Example 1: will return rows where duration intersects "2014/01/01" and "2014/12/31":
SELECT * FROM "test".user WHERE lucene = '{ filter: { type: "date_range", field: "duration", from: "2014/01/01", to: "2014/12/31", operation: "intersects" } }';
import static org.hawkore.ignite.lucene.builder.Builder.*; (...) String query = "SELECT * FROM \"test\".user WHERE lucene = ?"; SqlFieldsQuery q = new SqlFieldsQuery(query); q.setArgs(search().filter(search().filter(dateRange("duration").from("2014/01/01").to("2014/12/31").operation("intersects")).build()); List<List<?>> resultSet = ignite.context().query().querySqlFields(q, false).getAll();
Example 2: search for rows where duration contains "2014/06/01" and "2014/06/02":
SELECT * FROM "test".user WHERE lucene = '{ filter: { type: "date_range", field: "duration", from: "2014/06/01", to: "2014/06/02", operation: "contains" } }';
import static org.hawkore.ignite.lucene.builder.Builder.*; (...) String query = "SELECT * FROM \"test\".user WHERE lucene = ?"; SqlFieldsQuery q = new SqlFieldsQuery(query); q.setArgs(search().filter(dateRange("duration").from("2014/06/01").to("2014/06/02").operation("contains")).build()); List<List<?>> resultSet = ignite.context().query().querySqlFields(q, false).getAll();
Example 3: search for rows where duration is within "2014/01/01" and "2014/12/31":
SELECT * FROM "test".user WHERE lucene = '{ filter: { type: "date_range", field: "duration", from: "2014/01/01", to: "2014/12/31", operation: "is_within" } }';
import static org.hawkore.ignite.lucene.builder.Builder.*; (...) String query = "SELECT * FROM \"test\".user WHERE lucene = ?"; SqlFieldsQuery q = new SqlFieldsQuery(query); q.setArgs(search().filter(dateRange("duration").from("2014/01/01").to("2014/12/31").operation("is_within")).build()); List<List<?>> resultSet = ignite.context().query().querySqlFields(q, false).getAll();
Fuzzy search¶
Searches for rows matching a term using similarity based on Damerau-Levenshtein distance.
Syntax:
SELECT ( <fields> | * ) FROM ("<schema_name>".)?<table_name> ( USE INDEX(<table_name>_LUCENE_IDX) )? WHERE lucene = '{ (filter | query): { type: "fuzzy", field: <field_name> , value: <value> (, max_edits: <max_edits> )? (, prefix_length: <prefix_length> )? (, max_expansions: <max_expansion> )? (, transpositions: <transposition> )? } }';
where:
- max_edits (default = 2): a integer value between 0 and 2. Will
return rows which distance from
to content has a distance of at most . Distance will be interpreted according to the value of “transpositions”. - prefix_length (default = 0): an integer value being the length of the common non-fuzzy prefix
- max_expansions (default = 50): an integer for the maximum number of terms to match
- transpositions (default = true): if transpositions should be treated as a primitive edit operation (Damerau-Levenshtein distance). When false, comparisons will implement the classic Levenshtein distance.

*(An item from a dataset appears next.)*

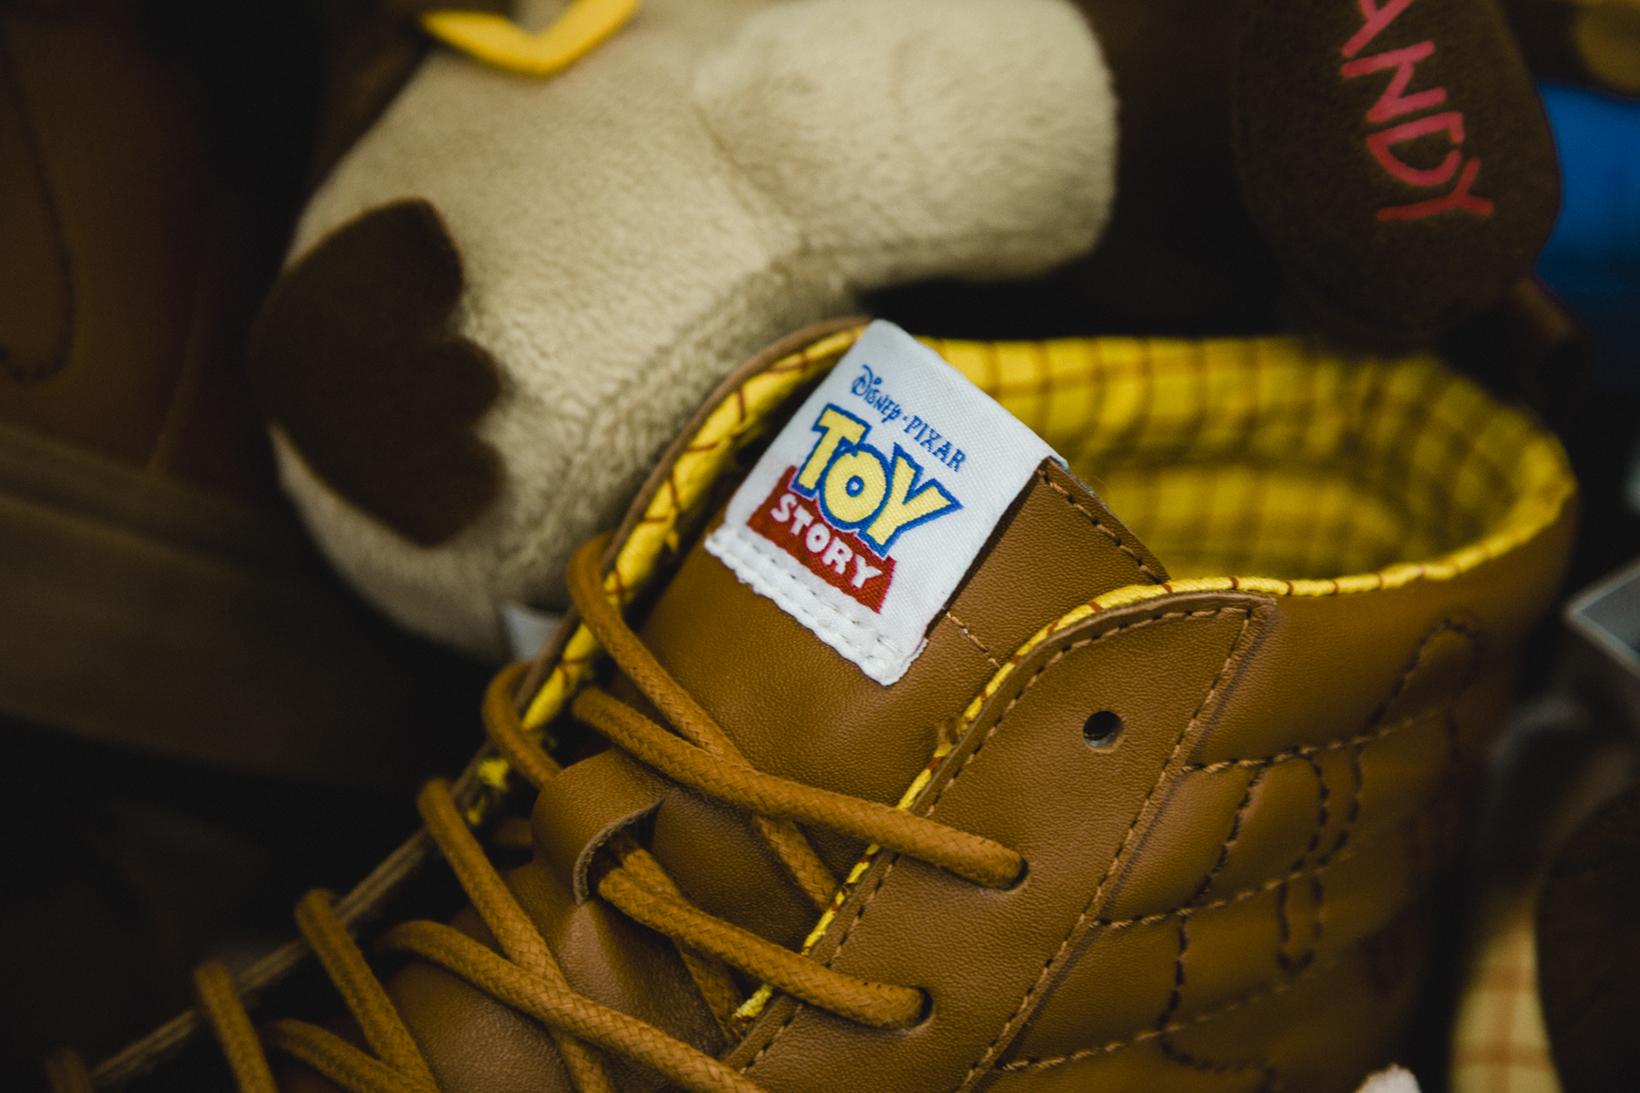 Toy Story Vans Sneakers Woody Buzz Lightyear Disney - 1765030

Example 1: search for any rows where “phrase” contains a word that differs in one edit operation from “puma”, such as “pumas”:
SELECT * FROM "test".user WHERE lucene = '{ filter: { type: "fuzzy", field: "phrase", value: "puma", max_edits: 1 } }';
import static org.hawkore.ignite.lucene.builder.Builder.*; (...) String query = "SELECT * FROM \"test\".user WHERE lucene = ?"; SqlFieldsQuery q = new SqlFieldsQuery(query); q.setArgs(search().filter(fuzzy("phrase", "puma").maxEdits(1)).build()); List<List<?>> resultSet = ignite.context().query().querySqlFields(q, false).getAll();
Example 2: same as example 1 but will limit the results to rows where phrase contains a word that starts with “pu”:
SELECT * FROM "test".user WHERE lucene = '{ filter: { type: "fuzzy", field: "phrase", value: "puma", max_edits: 1, prefix_length: 2 } }';
import static org.hawkore.ignite.lucene.builder.Builder.*; (...) String query = "SELECT * FROM \"test\".user WHERE lucene = ?"; SqlFieldsQuery q = new SqlFieldsQuery(query); q.setArgs(search().filter(fuzzy("phrase", "puma").maxEdits(1).prefixLength(2)).build()); List<List<?>> resultSet = ignite.context().query().querySqlFields(q, false).getAll();
Lucene search¶
Searches for rows with columns match a lucene search expression using Lucene classic query parser syntax.
Syntax:
SELECT ( <fields> | * ) FROM ("<schema_name>".)?<table_name> ( USE INDEX(<table_name>_LUCENE_IDX) )? WHERE lucene = '{ (filter | query): { type: "lucene", query: <lucene search expression> (, default_field: <field_name> )? } }');
where:
- query: lucene search expression.
- default_field (default = "lucene"): The name of the field where the clauses will be applied.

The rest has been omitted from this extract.